That several compositions by our author were admitted into the Spectator, is clear from the acknowledgment of Steele in N° 555, which closes the seventh volume. Only two letters, however, have been hitherto pointed out by the annotators; one in N° 54, descriptive of the University Loungers, and one in N° 87 on Idols; not much importance can be attached to either of them; and it is, therefore, probable, that by far the greater part of the Laureat's contributions to this paper remains unknown.

In the Guardian three communications are attributed to him; the first is a letter in N° 124, under the title of More Roarings of the Lion, and which possesses a considerable portion of Addisonian humour; the second consists of a version of The Court of Venus, from Claudian, in N° 127; and the third occupies N° 164, which contains likewise a translation from the same poet of The Speech of Pluto to Proserpine.

Though the whole of N° 164 has been ascribed

* A few poems by Eusden may be found in Nichols's Select Collection.

to Mr.

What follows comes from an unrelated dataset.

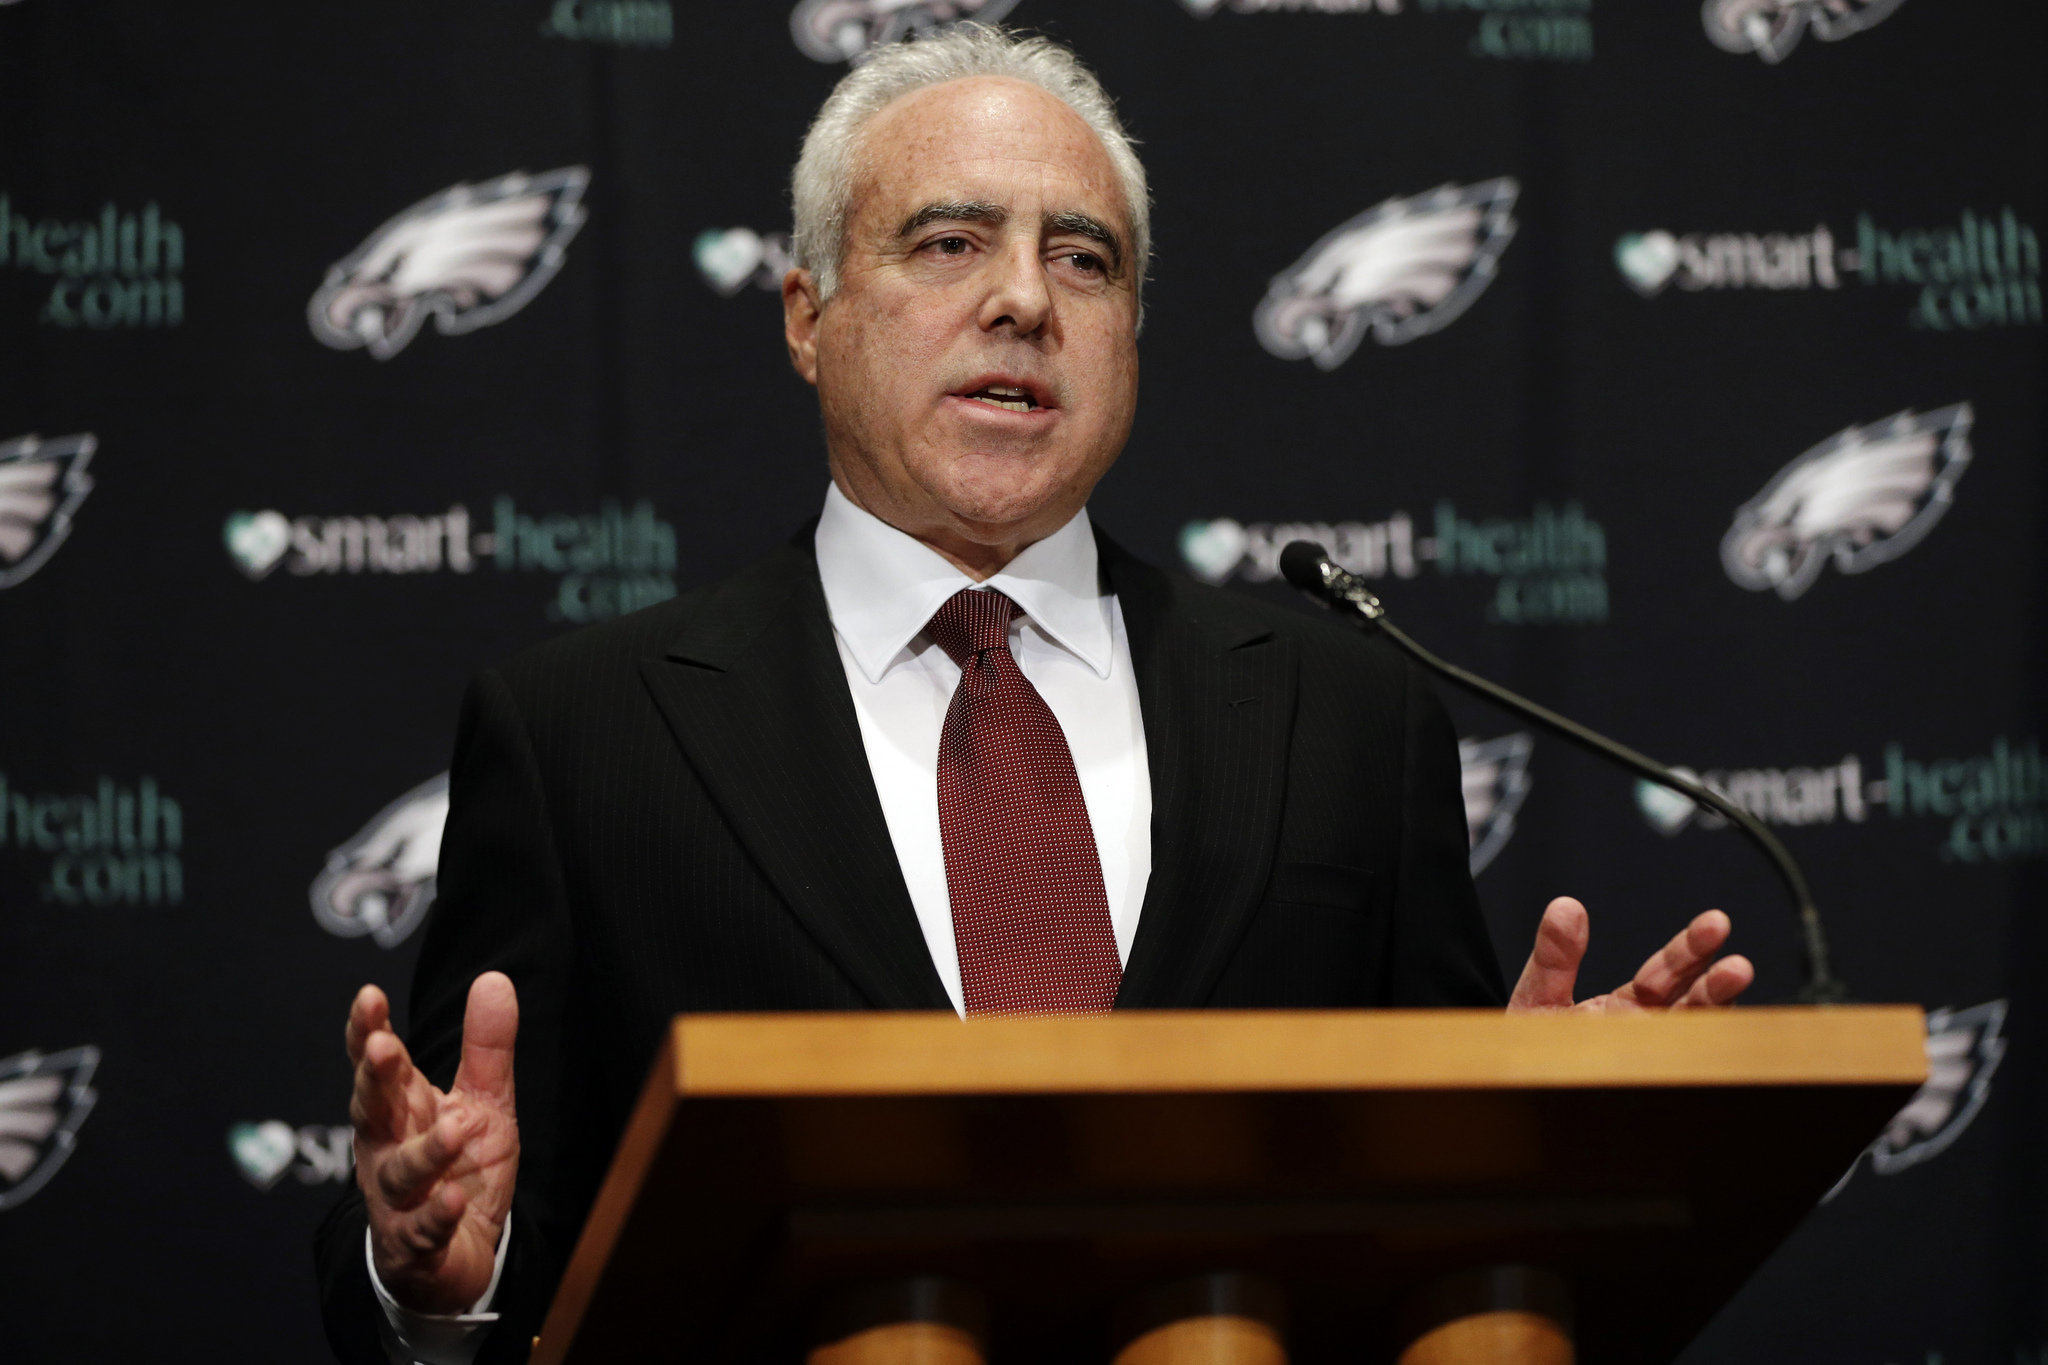 Eagles Owner Jeffrey Lurie Releases Statement About The Status Of His Organization

Eusden, it would seem, from the nature of the prefatory matter, which terminates with a high compliment to the translator, that it must have been the production of another hand. Were we to acquiesce in the common attribution, the modesty of Mr. Eusden would appear indeed to be of a very peculiar kind. The versions of Claudian are tolerably faithful; the diction is occasionally happy, and the versification is, in general, correct.

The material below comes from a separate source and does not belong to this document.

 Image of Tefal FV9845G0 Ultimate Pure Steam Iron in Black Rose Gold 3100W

16. HENRY MARTYN. Of this gentleman the only account extant is in Ward's Lives of the Professors of Gresham College. He was, according to his biographer, the eldest son " of Edward Martyn of Upham, in the parish of Alborn, in Wiltshire, Esq. and Elizabeth, daughter of Mr. William Eyre, master of arts of Magdalen-hall in Oxford, and sometime minister of St. Edmund's church in Salisbury; but silenced, in 1662, for nonconformity. He afterwards retired to Milksham, in Wilts, where he had purchased an estate, and died there in the month of January, 1669.Mr. Martyn had by his wife four sons, Henry, Edward, (afterwards Professor of Rhetoric in Gresham College) Richard, and William; as also two daughters, whose names were Mary and Elizabeth.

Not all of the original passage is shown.